So me and Adam, Adam the creator, Adam Padilla, were on the phone one day.
this is one of those moments that like will when I feel like when my life flashes before my eyes
this is one of those things that's like going to be in the top 10 moments we were on the phone
and we were talking about like things we could do ways to expand whatever he's like he doesn't
own influencers in the wild he's brand fire he does branding and he's genius like unbelievable
creative Photoshop writer very funny I do the meme daddy's podcast with him he's so funny
It's like stupid, but I was on the phone with him, and he's talking about games.
Like, maybe we should do a game of some sort.
And I was like, I don't remember exactly how the conversation went,
but I remember sitting up on my couch and going, bro, and he hates when I do this.

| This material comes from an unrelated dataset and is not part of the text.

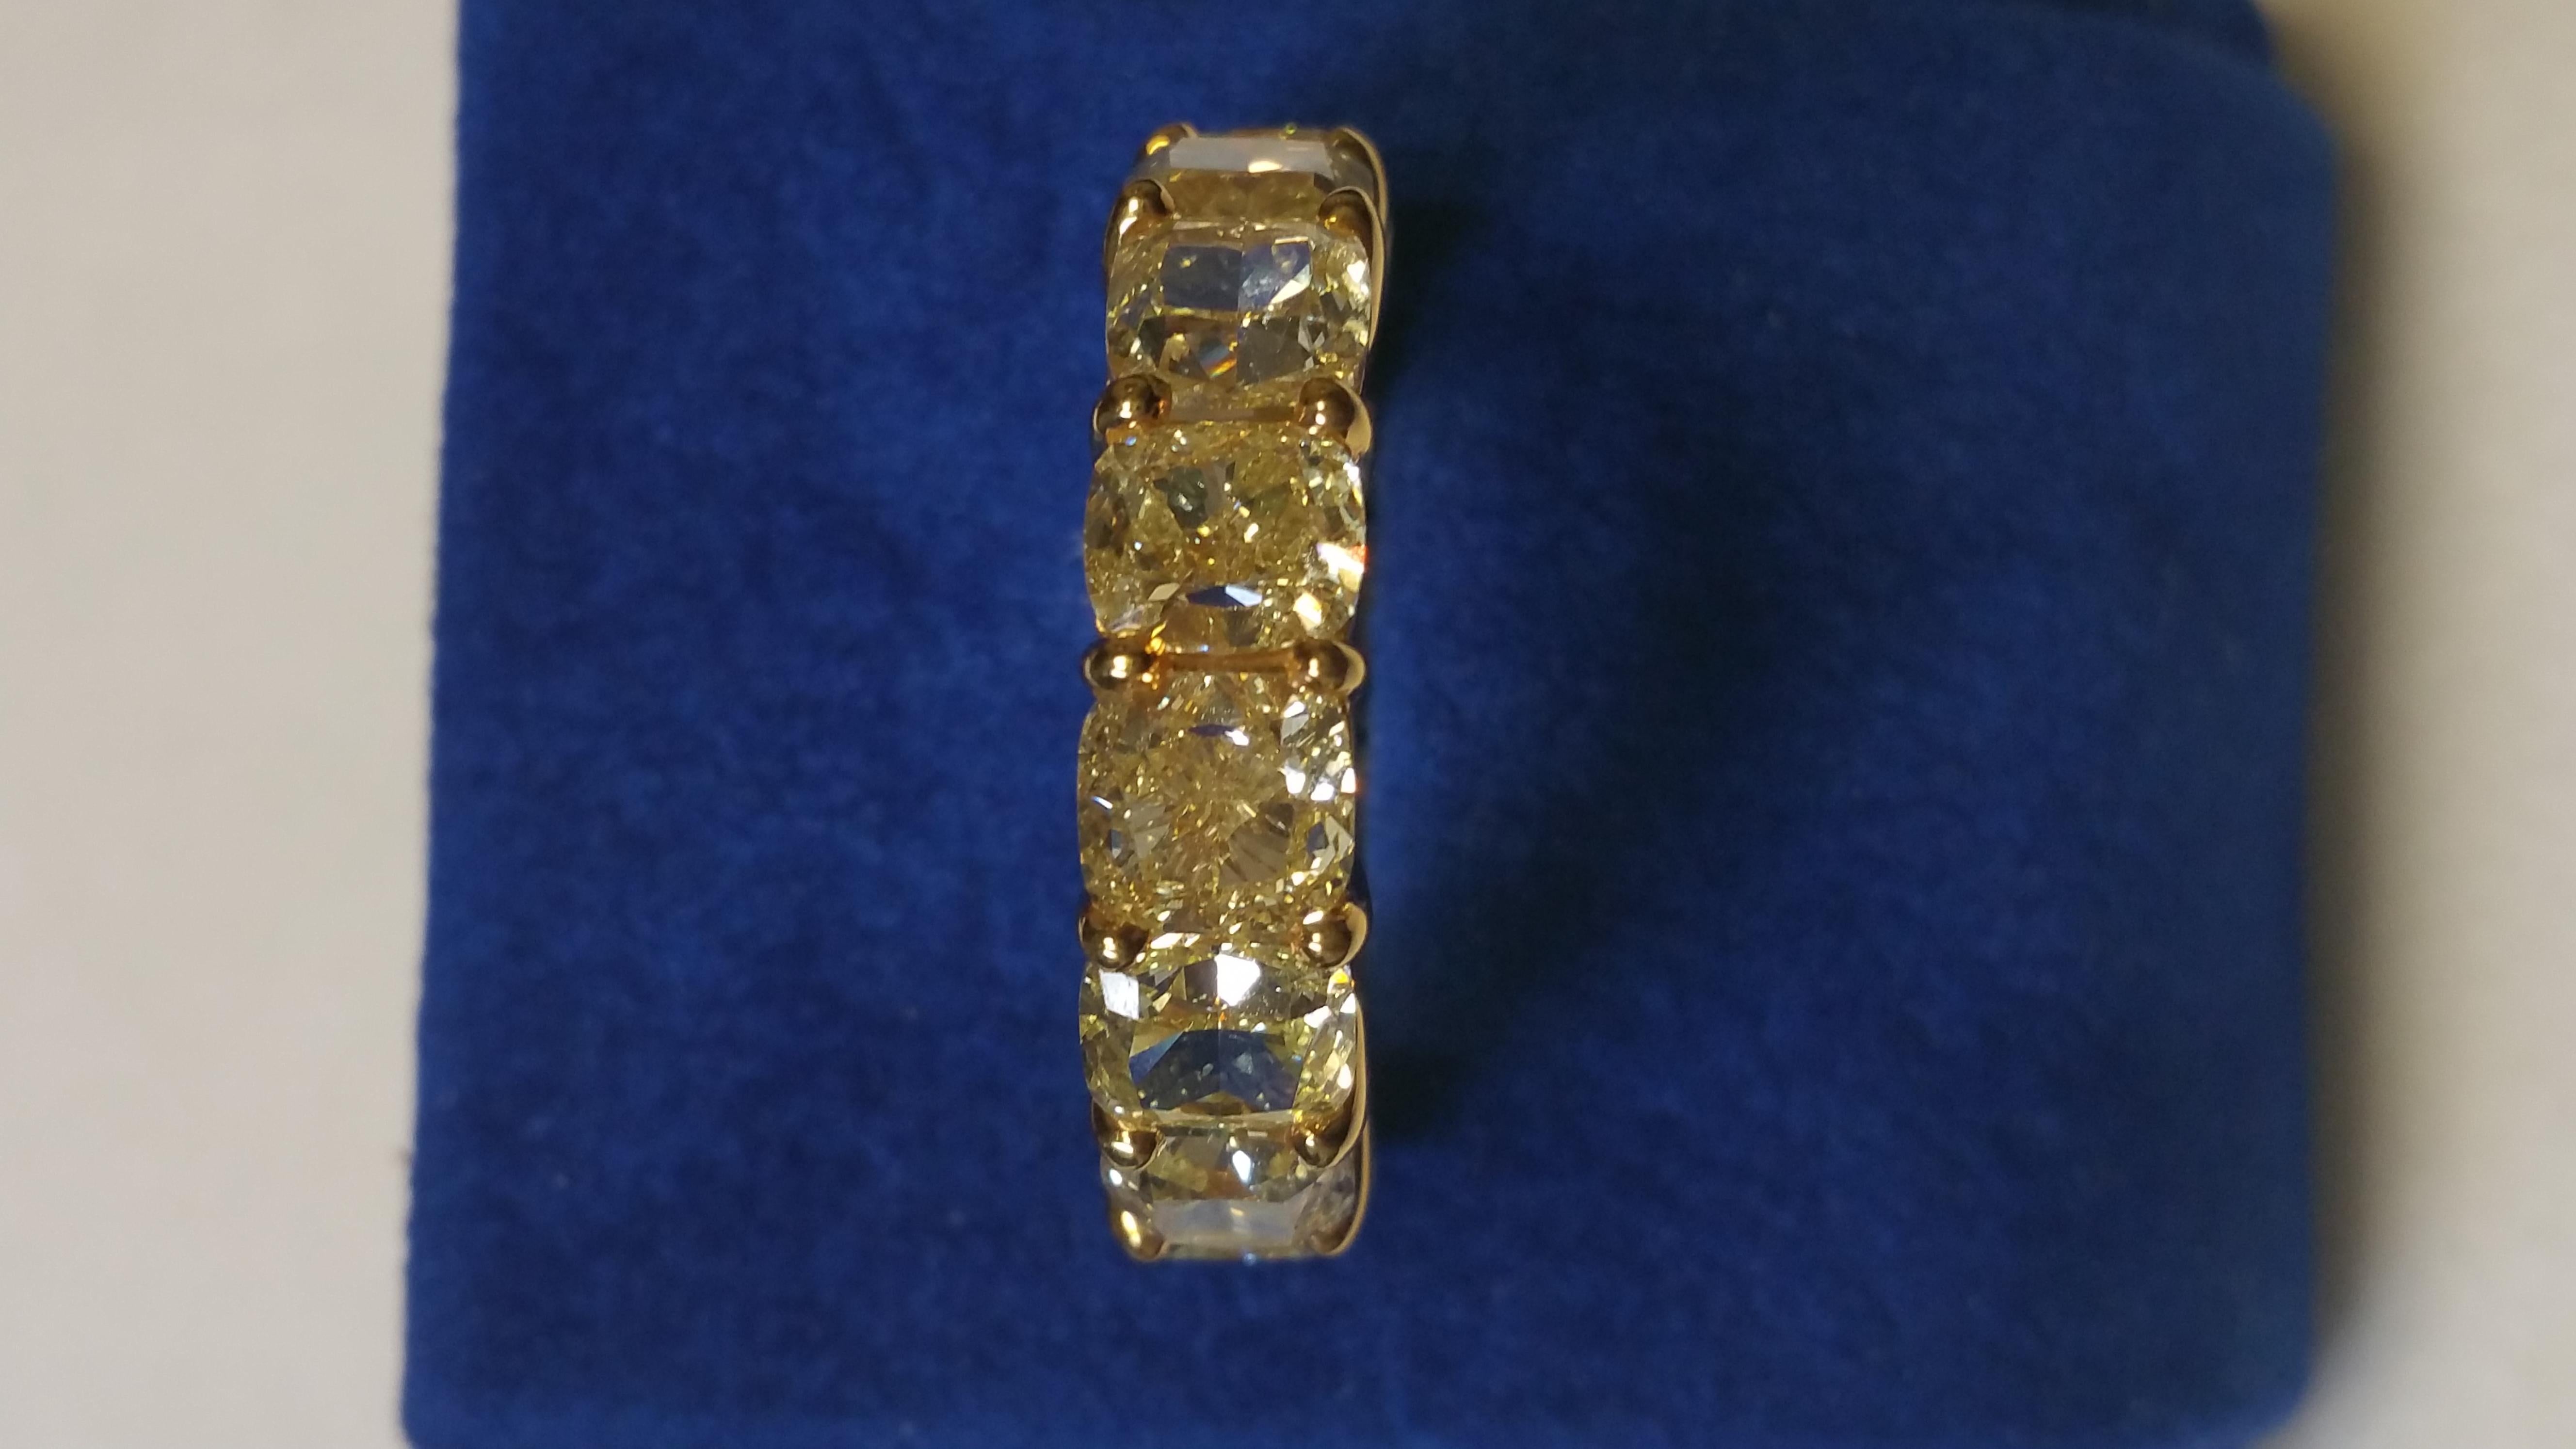 This Fancy Intense Yellow Cushion Cut Eternity band is a pleasure to wear every day and contains 11.60  carats of natural fancy  yellow diamonds of VVS2 - SI1 clarity in 18 karat yellow gold.  It is size 6 and is unusual in the marketplace  This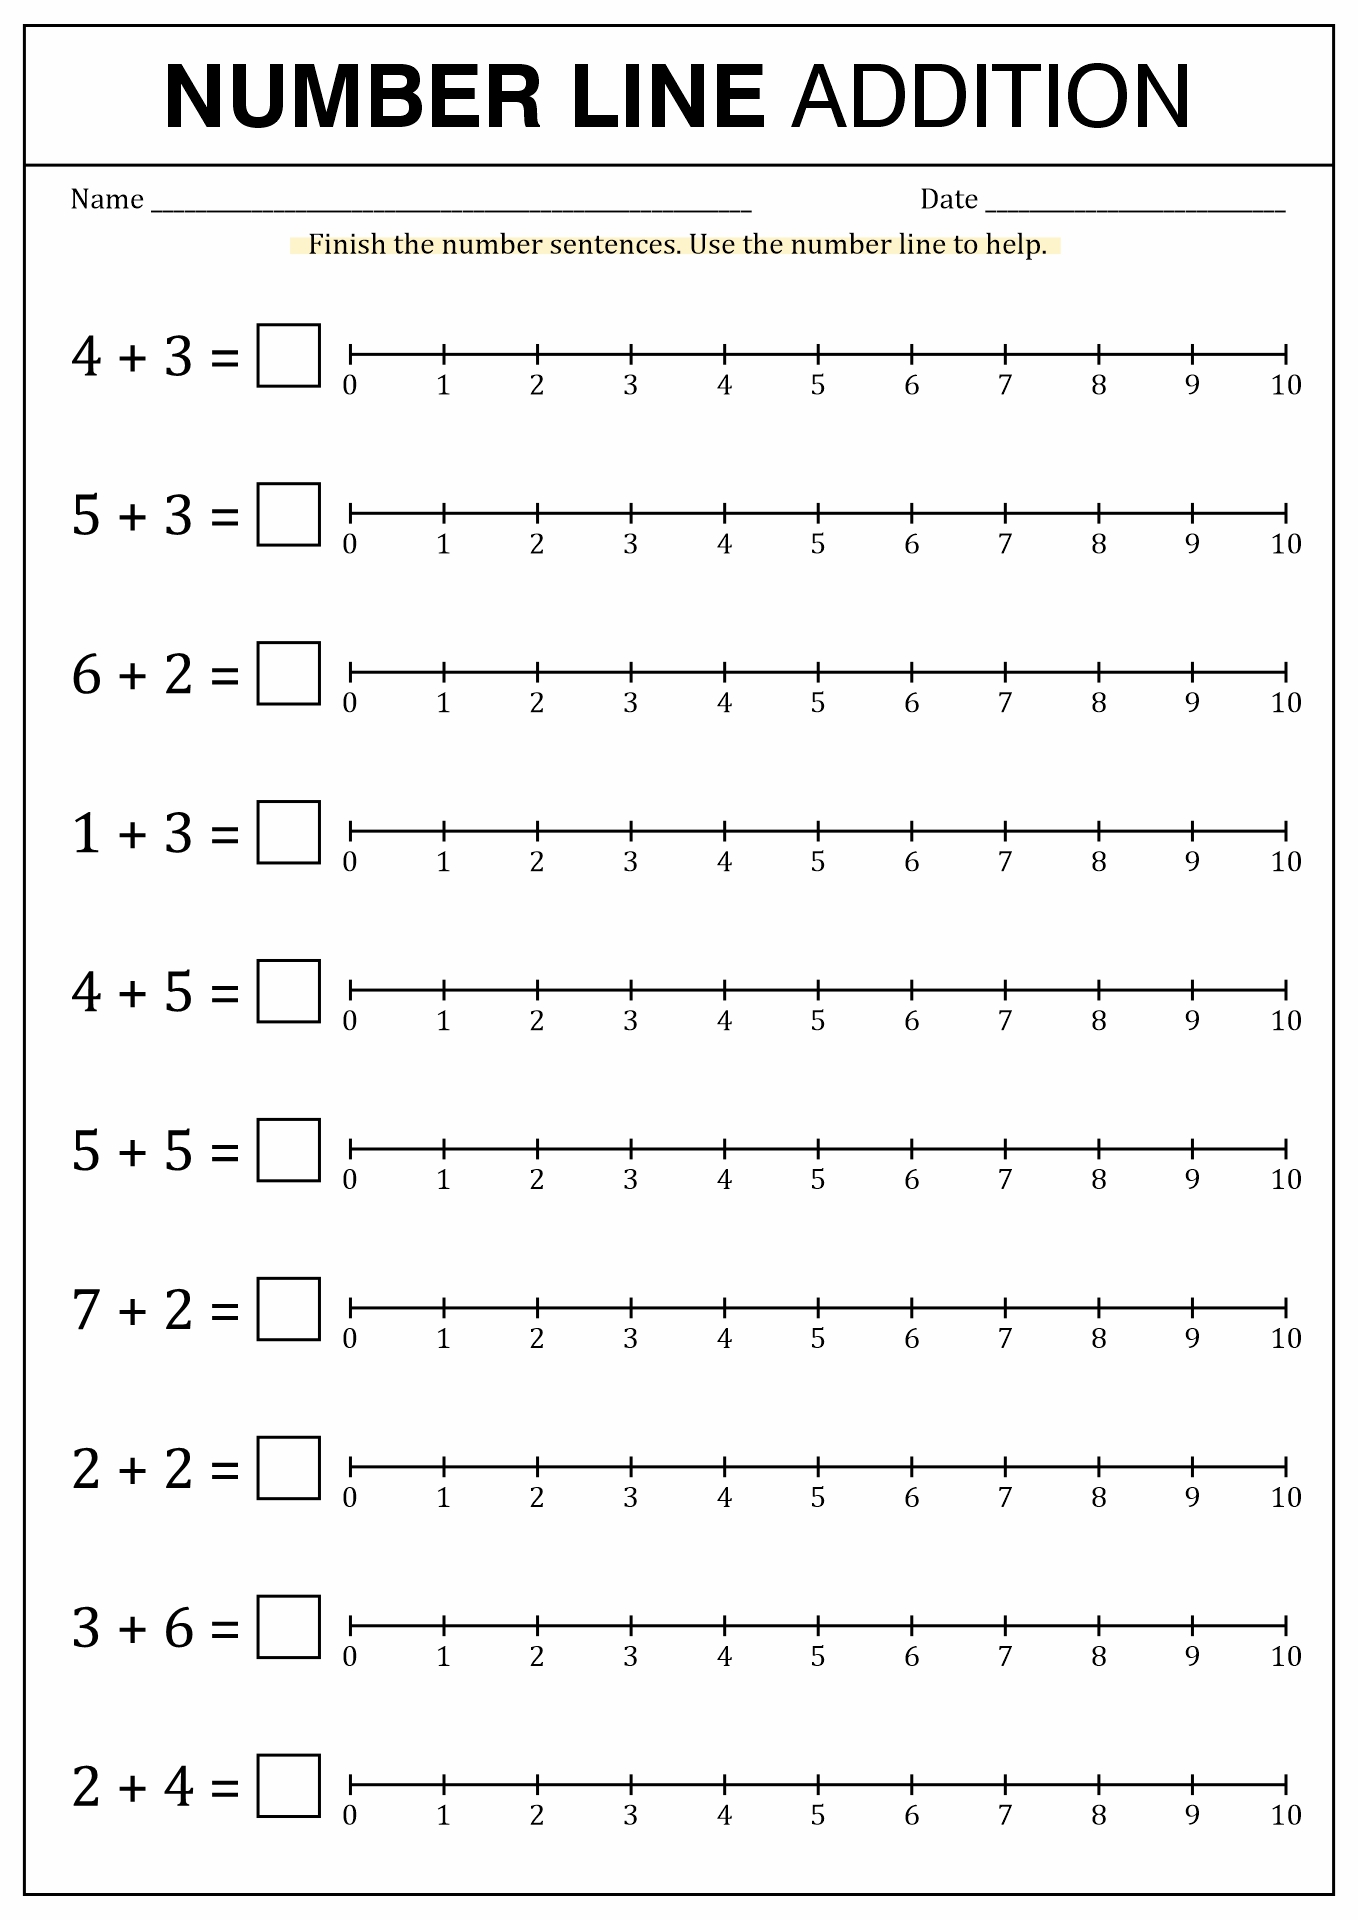 13-best-images-of-blank-place-value-worksheets-place-value-chart-with-decimals-place-value

And I was like, bro, oh my God.
He's like, what, what?
I was like, hold on a second.
I didn't even want to let it out because I was like, I wanted to hold on to that tension.
So you fucking knew.
In my heart, I was like, bro, what if we made a game where influencers traveled on a board around the world to all these dumb influencer spots?
They go to Bali, they go to Touloum, they go to the pink wall, and they rack up followers instead of money.
And he just lost it.
He's like, that is the funniest thing I've ever heard in my life.
So then that was like the genesis of it.
And then I started trying to like draw a board game like this.
I'm very proud of this because this is like something that didn't exist and now it does.
Now it's in Target.
Target.
Target.
Yeah, we love Target.
Targe.
Yeah, we like Target.
But that honestly gets me going in life.
Something that's just like, no, like the only thing that gets me going is an idea in your head that then becomes an actual thing.
Oh, my God.
affects people when it was just a little pea brain idea there's nothing better than that and it was
so much work to get to a physical product oh my god so now yeah because all your shit was virtual before
everything you didn't have anything tangible nothing and now you have a physical product you're
holding a box that weighs about three and a half pounds in your hand and you know that because the shipping
costs yes i do so you pick an influencer playing piece you pick the festival girl who's you know the
girl that goes to Coachella and Bernie Man
or whatever. So funny. The girl in the yoga pose,
the guy, the fitness influencer guy.
Much you, Pitchie.
The dog wearing sunglasses
that makes more money than you and I both
combined probably. Yep. And then the
selfie stick holding
tourist. Who's like, nobody wants to be.
That's going to be like the thimble in
Monopoly. So what people are
buying this game?
In my opinion,
like
22 or
23 to 45-year-old people who have a tangential or extreme knowledge of the internet.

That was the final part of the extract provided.